# [Listed entries]
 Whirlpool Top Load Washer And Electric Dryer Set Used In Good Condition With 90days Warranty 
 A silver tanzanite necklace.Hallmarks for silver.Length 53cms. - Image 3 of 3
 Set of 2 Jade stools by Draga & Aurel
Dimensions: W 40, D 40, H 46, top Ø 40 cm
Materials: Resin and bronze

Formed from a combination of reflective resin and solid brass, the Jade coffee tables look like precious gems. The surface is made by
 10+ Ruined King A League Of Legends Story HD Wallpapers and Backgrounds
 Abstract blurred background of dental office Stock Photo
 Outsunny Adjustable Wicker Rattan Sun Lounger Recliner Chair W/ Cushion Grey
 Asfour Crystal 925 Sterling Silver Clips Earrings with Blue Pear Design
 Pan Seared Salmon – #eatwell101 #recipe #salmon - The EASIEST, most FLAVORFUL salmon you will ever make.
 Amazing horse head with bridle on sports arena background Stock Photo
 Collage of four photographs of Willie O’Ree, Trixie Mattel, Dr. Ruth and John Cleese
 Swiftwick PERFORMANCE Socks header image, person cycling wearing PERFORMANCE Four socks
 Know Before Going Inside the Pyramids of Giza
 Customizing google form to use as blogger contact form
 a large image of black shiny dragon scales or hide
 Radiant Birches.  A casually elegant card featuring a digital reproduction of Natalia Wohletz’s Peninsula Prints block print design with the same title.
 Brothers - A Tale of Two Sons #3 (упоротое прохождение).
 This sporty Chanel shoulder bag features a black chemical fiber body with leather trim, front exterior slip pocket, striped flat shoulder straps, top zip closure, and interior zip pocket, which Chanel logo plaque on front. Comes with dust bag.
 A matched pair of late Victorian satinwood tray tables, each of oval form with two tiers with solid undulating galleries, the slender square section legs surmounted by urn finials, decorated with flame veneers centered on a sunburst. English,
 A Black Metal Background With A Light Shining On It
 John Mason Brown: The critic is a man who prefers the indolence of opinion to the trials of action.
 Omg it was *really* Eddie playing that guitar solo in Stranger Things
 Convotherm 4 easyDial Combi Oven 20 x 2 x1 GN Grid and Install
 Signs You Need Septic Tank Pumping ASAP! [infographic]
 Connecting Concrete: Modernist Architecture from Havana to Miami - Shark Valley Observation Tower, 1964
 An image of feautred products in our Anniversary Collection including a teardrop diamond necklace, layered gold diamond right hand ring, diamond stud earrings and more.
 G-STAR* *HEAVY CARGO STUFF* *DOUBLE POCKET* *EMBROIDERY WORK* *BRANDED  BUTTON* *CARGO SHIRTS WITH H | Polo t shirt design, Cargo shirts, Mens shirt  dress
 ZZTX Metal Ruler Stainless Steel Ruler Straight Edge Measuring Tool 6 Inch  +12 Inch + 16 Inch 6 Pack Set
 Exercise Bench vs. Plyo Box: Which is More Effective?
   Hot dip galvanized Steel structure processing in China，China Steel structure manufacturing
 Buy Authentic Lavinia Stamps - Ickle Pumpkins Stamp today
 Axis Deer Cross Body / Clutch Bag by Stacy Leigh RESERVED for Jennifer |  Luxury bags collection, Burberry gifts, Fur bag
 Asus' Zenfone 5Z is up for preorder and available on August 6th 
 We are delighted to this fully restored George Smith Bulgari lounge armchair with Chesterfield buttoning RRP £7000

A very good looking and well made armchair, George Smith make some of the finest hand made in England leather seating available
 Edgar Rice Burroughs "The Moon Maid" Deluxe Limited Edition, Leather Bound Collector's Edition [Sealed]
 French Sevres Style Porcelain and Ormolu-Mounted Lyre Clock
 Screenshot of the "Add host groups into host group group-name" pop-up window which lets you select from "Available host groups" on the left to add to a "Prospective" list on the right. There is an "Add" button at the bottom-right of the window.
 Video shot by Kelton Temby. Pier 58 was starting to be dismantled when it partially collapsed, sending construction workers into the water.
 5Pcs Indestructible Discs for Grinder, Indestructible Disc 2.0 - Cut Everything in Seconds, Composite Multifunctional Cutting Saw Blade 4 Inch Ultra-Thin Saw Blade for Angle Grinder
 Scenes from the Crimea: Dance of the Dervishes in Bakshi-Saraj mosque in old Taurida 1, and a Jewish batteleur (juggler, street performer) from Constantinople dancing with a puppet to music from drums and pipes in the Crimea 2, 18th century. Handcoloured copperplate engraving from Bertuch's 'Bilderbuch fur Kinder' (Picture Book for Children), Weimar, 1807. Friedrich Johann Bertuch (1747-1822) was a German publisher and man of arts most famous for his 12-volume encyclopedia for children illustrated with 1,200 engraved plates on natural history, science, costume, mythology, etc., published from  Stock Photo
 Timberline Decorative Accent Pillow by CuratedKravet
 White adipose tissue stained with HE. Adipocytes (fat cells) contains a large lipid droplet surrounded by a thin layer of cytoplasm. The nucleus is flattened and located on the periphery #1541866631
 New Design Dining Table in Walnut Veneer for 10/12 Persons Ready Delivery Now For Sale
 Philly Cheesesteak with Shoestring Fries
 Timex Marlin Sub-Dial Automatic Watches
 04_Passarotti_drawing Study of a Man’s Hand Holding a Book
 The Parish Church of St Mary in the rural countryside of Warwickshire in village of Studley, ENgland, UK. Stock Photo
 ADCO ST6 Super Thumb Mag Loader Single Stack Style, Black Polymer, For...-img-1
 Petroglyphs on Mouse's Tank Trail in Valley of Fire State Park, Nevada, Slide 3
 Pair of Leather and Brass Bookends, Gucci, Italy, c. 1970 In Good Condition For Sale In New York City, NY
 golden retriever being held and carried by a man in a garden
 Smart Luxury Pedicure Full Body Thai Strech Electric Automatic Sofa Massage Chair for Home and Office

# [Task objective]
Find the lines in the entries above where "Valley" occurs, and copy each of them.

# [Answer]
 Connecting Concrete: Modernist Architecture from Havana to Miami - Shark Valley Observation Tower, 1964
 Petroglyphs on Mouse's Tank Trail in Valley of Fire State Park, Nevada, Slide 3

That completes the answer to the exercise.